Titanium- and Pb-bearing litidionite are also reported (Balassone et al., Reference Balassone, Panikorovskii, Pellino, Bazai, Bocharov, Krivovichev, Petti, Cappelletti and Mondillo2022); moreover, in the white crust, the Ca–Na–K-bearing silicate was initially identified as calcinaksite by the above authors. This mineral association is typical of high-temperature alteration processes at the rock–fumaroles interface (Pozas et al., Reference Pozas, Rossi and Tazzoli1975; Balassone et al., Reference Balassone, Petti, Mondillo, Panikorovskii, de Gennaro, Cappelletti, Altomare, Corriero, Cangiano and D'Orazio2019, Reference Balassone, Panikorovskii, Pellino, Bazai, Bocharov, Krivovichev, Petti, Cappelletti and Mondillo2022) as a product of very localised high-temperature (exhalation-related) alteration processes of hosting silicates and the introduction of other chemical components by fluids (e.g. Cu2+). This peculiar assemblage, like that observed for the Eifel region calcinaksite-bearing rocks (Aksenov et al., Reference Aksenov, Rastsvetaeva, Chukanov and Kolitsch2014; Chukanov et al., Reference Chukanov, Aksenov, Rastsvetaeva, Blass, Varlamov, Pekov, Belakovskiy and Gurzhiy2015), probably occurs at a temperature of >600°C. Further chemical investigations predominantly on the white assemblage revealed a significant mineral component corresponding to an anhydrous analogue of calcinaksite, which was then named enricofrancoite. In the observed mineral assemblage, there are four different types of litidionite-group minerals which crystallise in the following order: euhedral and platy crystals of litidionite or Ca-bearing litidionite up to enricofrancoite → altered zones around diopside crystals consisting of litidionite or fine-grained litidionite → coarse-grained enricofrancoite crystals in the litidionite matrix → marginal zones of lapilli represented by Ti-bearing non-stoichiometric litidionite (Balassone et al., Reference Balassone, Panikorovskii, Pellino, Bazai, Bocharov, Krivovichev, Petti, Cappelletti and Mondillo2022). Based on our new evidence, most of the calcinaksite indicated previously should be in fact enricofrancoite.

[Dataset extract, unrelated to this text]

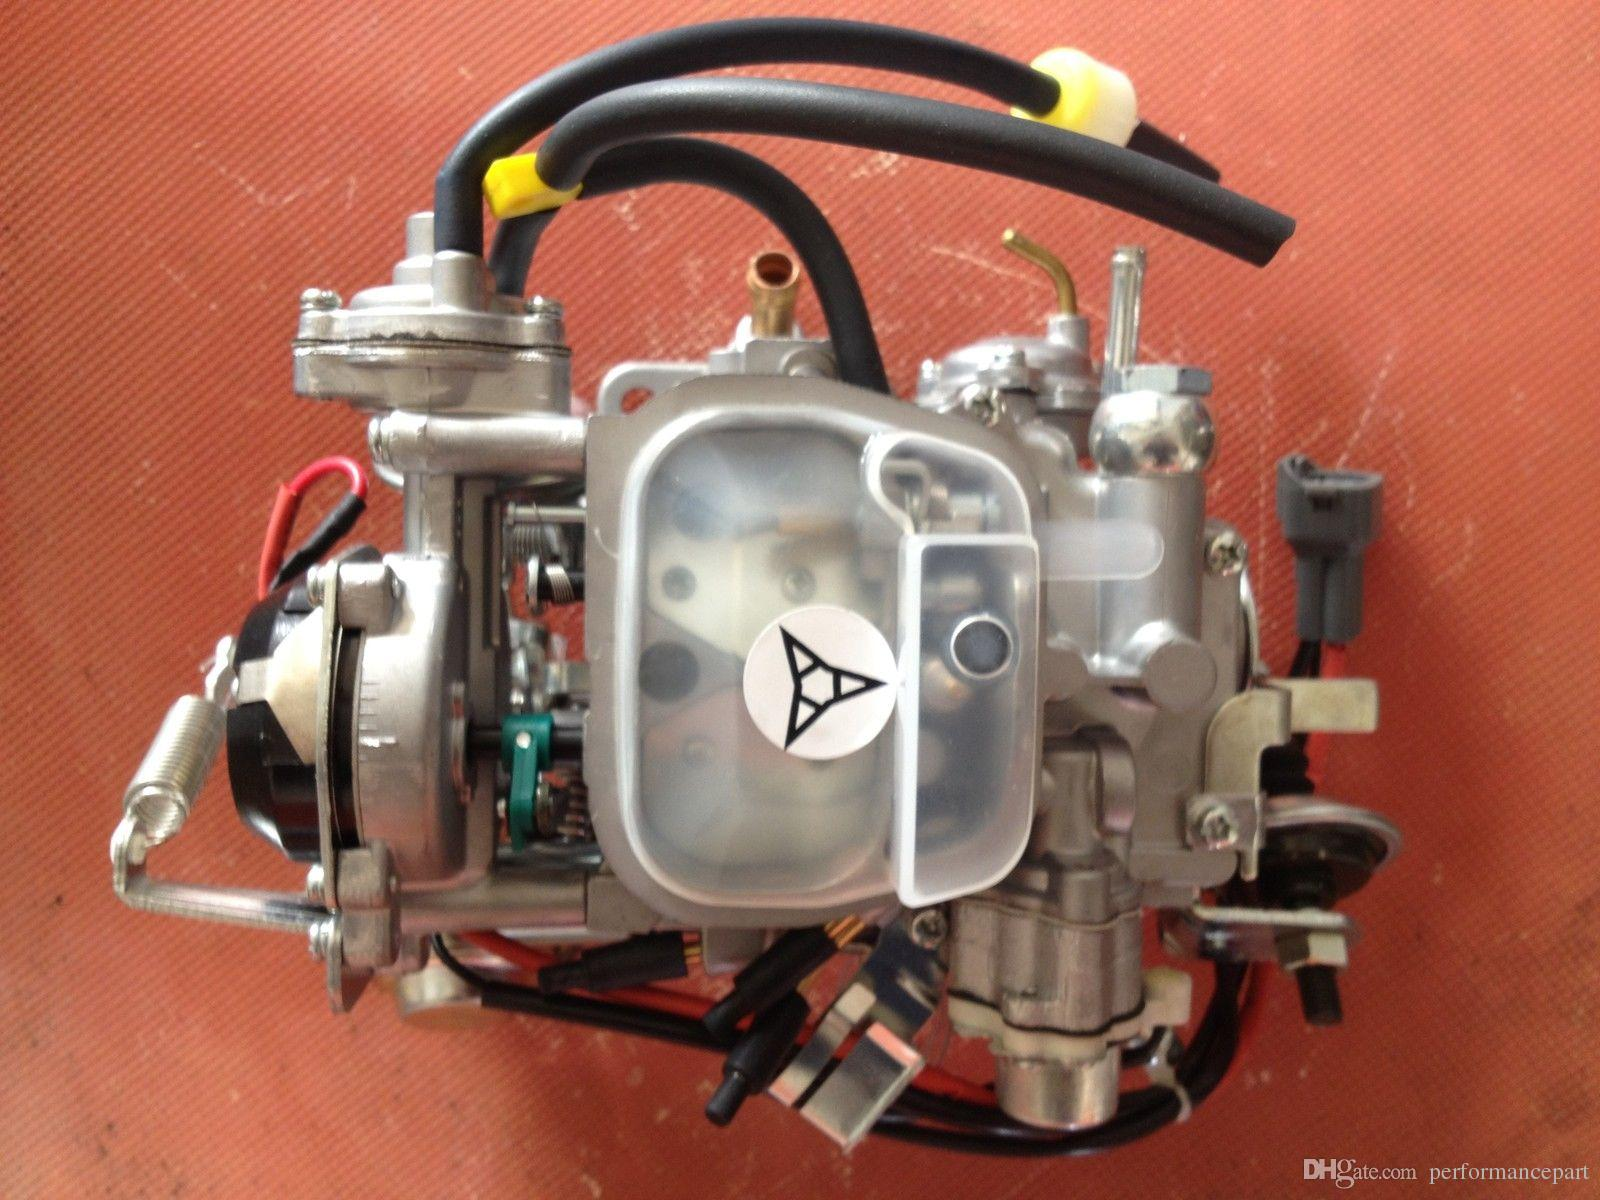 CARB new REPLACE CARBURETOR 22R toyota engine corona 21100-35520 22R toyota

Physical and optical properties
The morphology of the minerals was studied using a Jeol JSM5310 scanning electron microscope with an Oxford EDS equipped with an INCA X-stream pulse processor and the 4.08 version Inca software (Department of Earth Science, Environment and Resources, DiSTAR, University of Naples Federico II Italy). Enricofrancoite forms platy crystals in fine-grained aggregations (Fig. 2), rarely to 1 mm in length. It forms colourless, translucent, non-fluorescent individual crystals, with a white streak and vitreous lustre. The mineral is brittle, with a stepped fracture, a good {001} cleavage. The calculated density is 2.63 g/cm3, from single-crystal X-ray diffraction (SCXRD) data, as the measured density by flotation in Clerici solution, i.e. 2.63(3) g/cm3. The compatibility index is –0.049, good based on empirical formula and measured density (Mandarino, Reference Mandarino2007). Mohs hardness is assumed to be 5.5. The new mineral is transparent and optically biaxial (−), the refractive indices were measured in white light: α = 1.542(5), β = 1.567(5) and γ = 1.575(5). The 2V(meas) = 60(2)° and 2Vcalc = 58°. The 2V was measured using the formula sinV = KD/ β, where D is the distance in conoscopy between the vertices of the hyperbola branches at their maximum divergence (measured with an eyepiece equipped with a micrometre ruler); β is the refractive index; K is a coefficient depending on the optical system of the microscope, which was calculated using a standard with a known value of 2V (phlogopite – 16°). The dispersion is weak (r < v), and it is non-pleochroic. The optical orientation is X ≈ b, Y^c = 49° and Z^a ≈ 90°.
Chemical composition
The chemical composition was determined with a Cameca MS–46 electron microprobe operating in a wavelength-dispersive mode (WDS) at 20 kV and 20–30 nA and a spot size of 10 μm at the Geological Institute of the Kola Science Center, Apatity. The following standards were used: lorenzenite (Na, Ti); pyrope (Mg, Al); diopside (Si, Ca); wadeite (K); hematite (Fe); metallic niobium (Nb); metallic copper (Cu); wulfenite (Pb); and atacamite (Cl). The mean analytical results of three selected crystals (five spots for each crystal, with a total of 15 analyses) are given in Table 1. Cation contents were calculated with the MINAL program of D. Dolivo-Dobrovolsky (Dolivo-Dobrovolsky, Reference Dolivo-Dobrovolsky2016). H2O was not analysed because of the absence of bands corresponding to the О–Н vibrations in the Raman and Fourier-transform infrared spectroscopy (FTIR) spectra.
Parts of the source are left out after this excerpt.